Mayoral Hopeful Suing City Secretary

mayoral candidate
Jrmar Jefferson | Image by Jrmar Jefferson/Facebook

Jrmar Jefferson is suing the City after being disqualified from running for mayor, but he reportedly filed his initial lawsuit in the wrong court.

Jefferson previously alleged to The Dallas Express that the City Secretary’s Office blocked him from being on the ballot in May even though he fulfilled the necessary requirements.

He announced his intention to file a lawsuit over the matter at the beginning of March.

However, last week, a county district judge declined to rule on Jefferson’s case and explained that state election law dictates a higher court is needed to rule on cases involving municipal elections.

“It seems to me that a plain reading of the election code says you’re supposed to be in the Supreme Court or the Court of Appeals,” said Judge Eric Moyé, as reported by The Dallas Morning News.
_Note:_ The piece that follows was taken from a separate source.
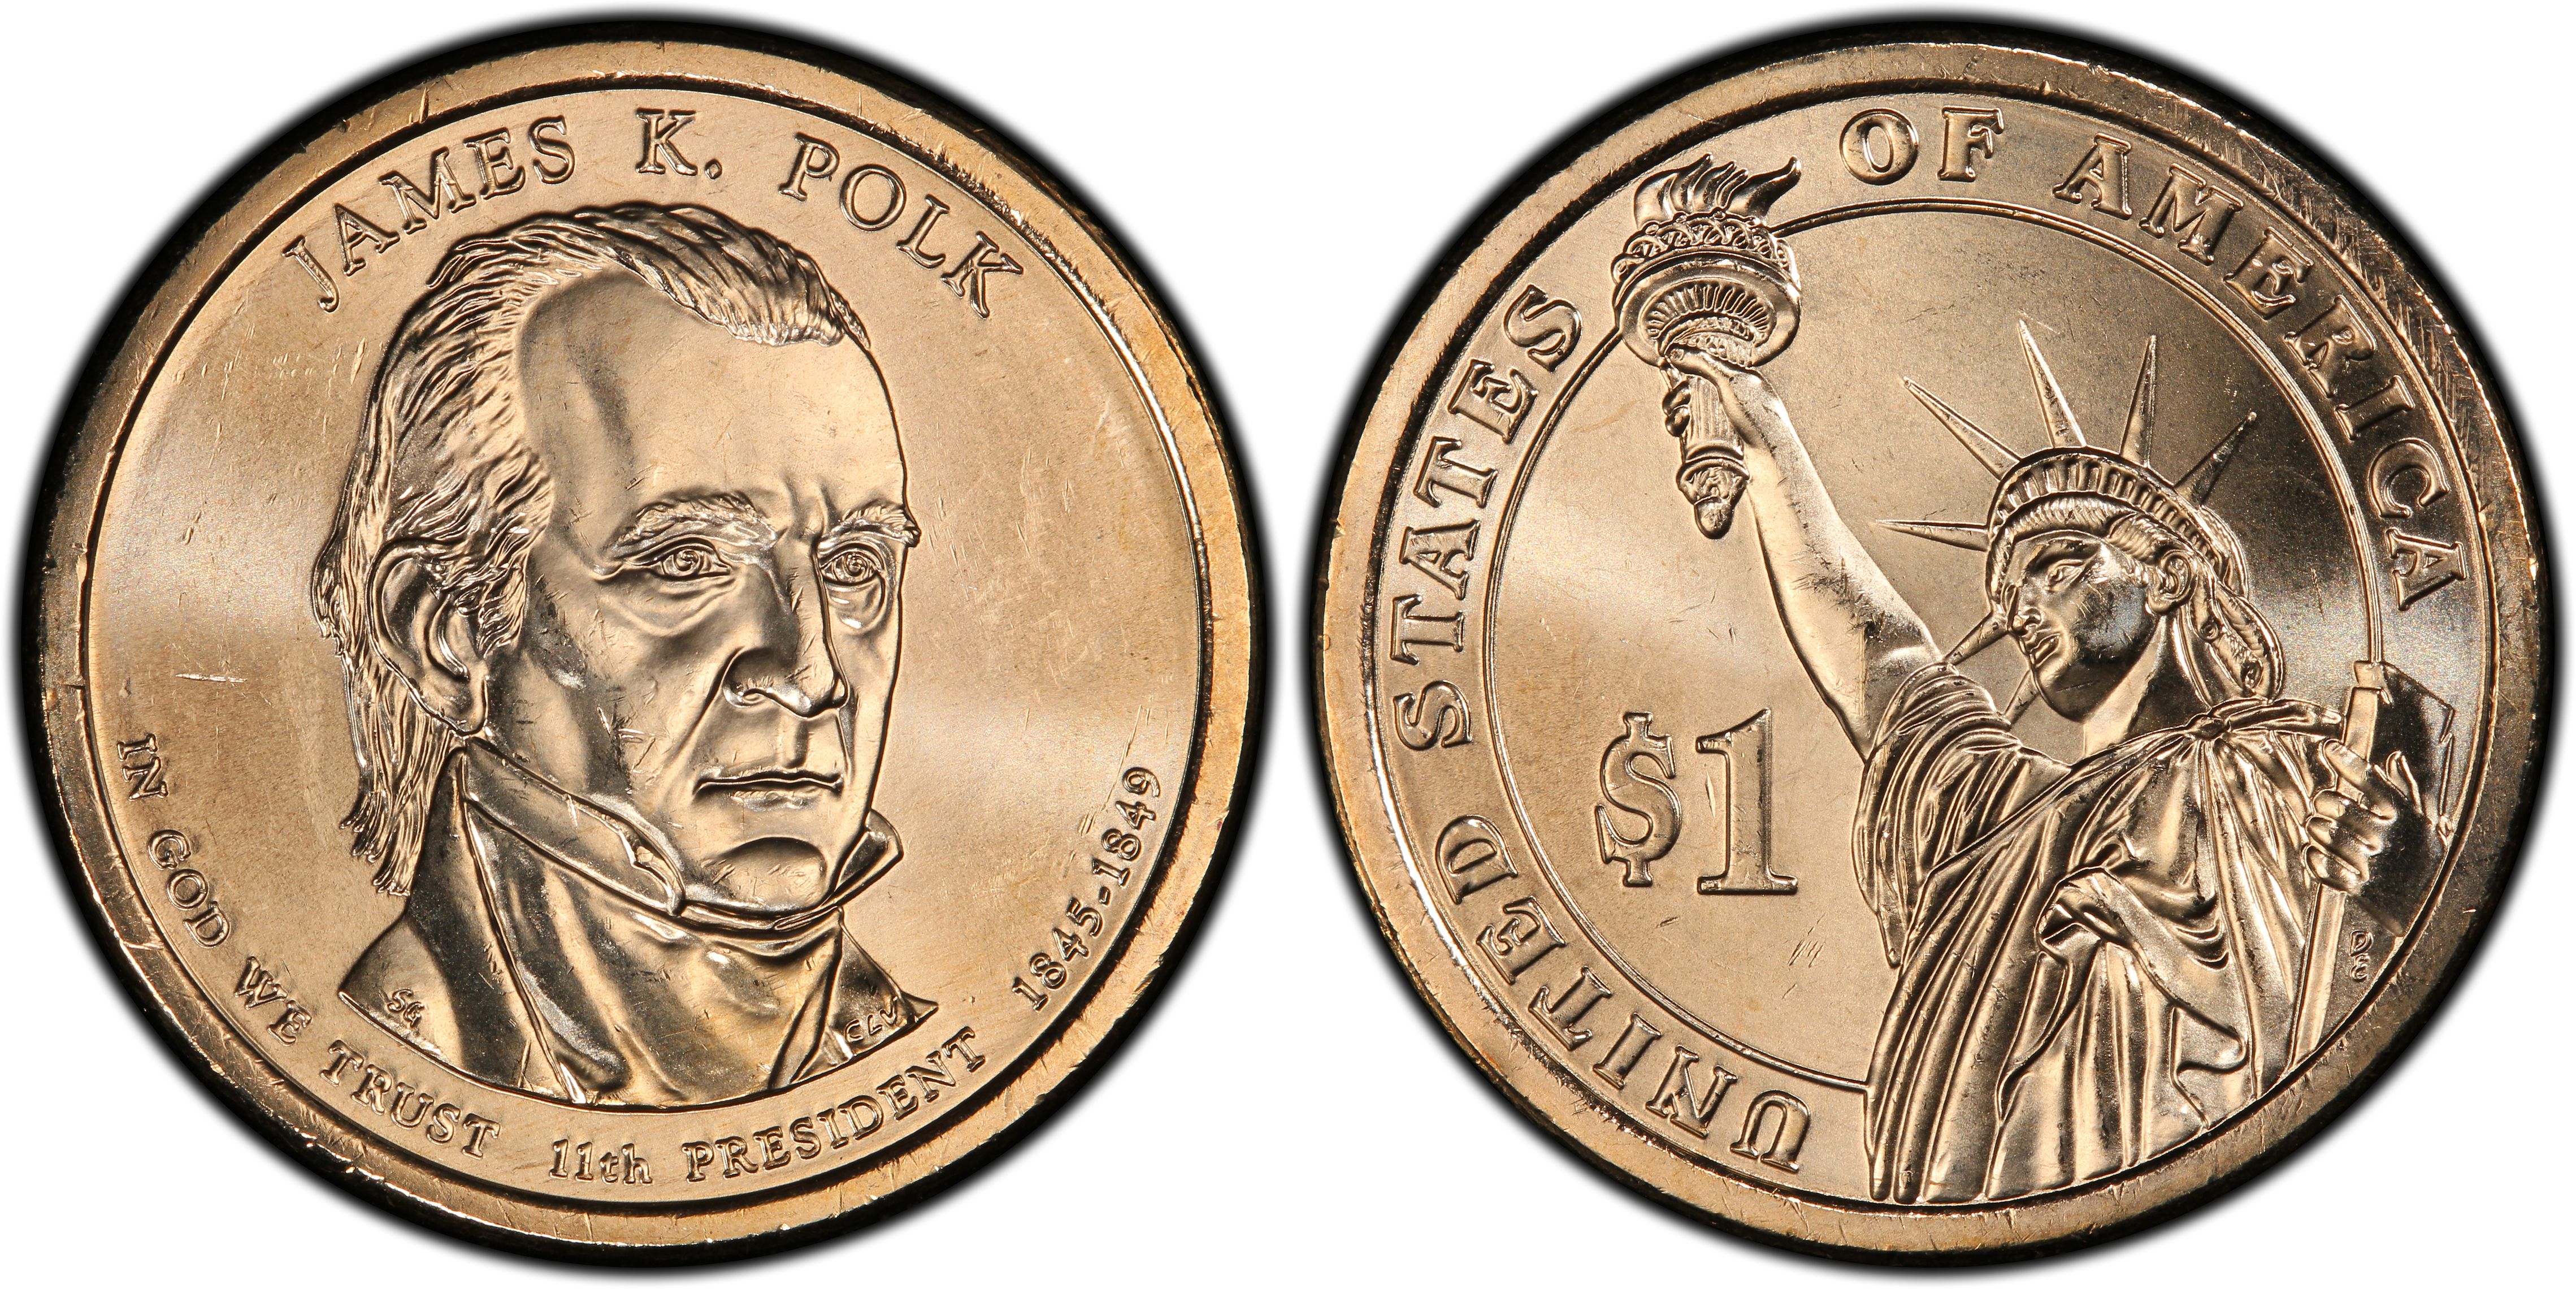 2009 D US Dollar Coin James K Polk in BU Condition

Moyé reportedly explained that Jefferson filed an amended lawsuit on Wednesday morning at 6 a.m. and failed to give the City the required three-day notice.

His initial lawsuit listed the City of Dallas as the defendant, while the amended suit was filed against City Secretary Bilierae Johnson.

Last Tuesday, Jefferson hired attorney Paul Davis as his legal counsel.

“He wasn’t able to get counsel until yesterday,” Davis told the judge, per The Dallas Morning News. “He called everybody in town, and nobody wanted to go against the mayor.”

Davis said that Jefferson did not follow proper procedure in filing the lawsuit because he had no attorney at the time.

Davis explained that, according to case law, it is more proper to sue Secretary Johnson than the City because it was Johnson who determined Jefferson did not qualify to be on the ballot.

In a statement to The Dallas Express, Jefferson said, “I understand why so many individuals have lost faith in our legal system.”

“I was devastated when no Democratic lawyer or organization agreed to represent me,” he continued. “I had to file pro se, and my life has been turned upside down. It was extremely challenging to find a lawyer who would accept the case.”

Jefferson described Davis as a “courageous attorney” and a “constitutional conservative” willing to “stand against the injustice committed against me and those that want to see change in the City of Dallas.”

“I believe that Judge Eric Moyé believes in justice and that liberty is not an inconvenient truth,” he continued. “My attorney located legal authority in his research that authorizes Judge Moyé to have jurisdiction over the case.”

“We have just filed an amended petition with that authority and are requesting a new temporary restraining order hearing as soon as possible,” he told The Dallas Express.

Jefferson reiterated his belief that “no candidate should run unopposed” and says he prays “that the people will elect a mayor who cares about them” once more.

The Dallas Express reached out to the City of Dallas and the City Secretary’s Office for comment regarding Jefferson’s case multiple times but received no statements by the time of publication.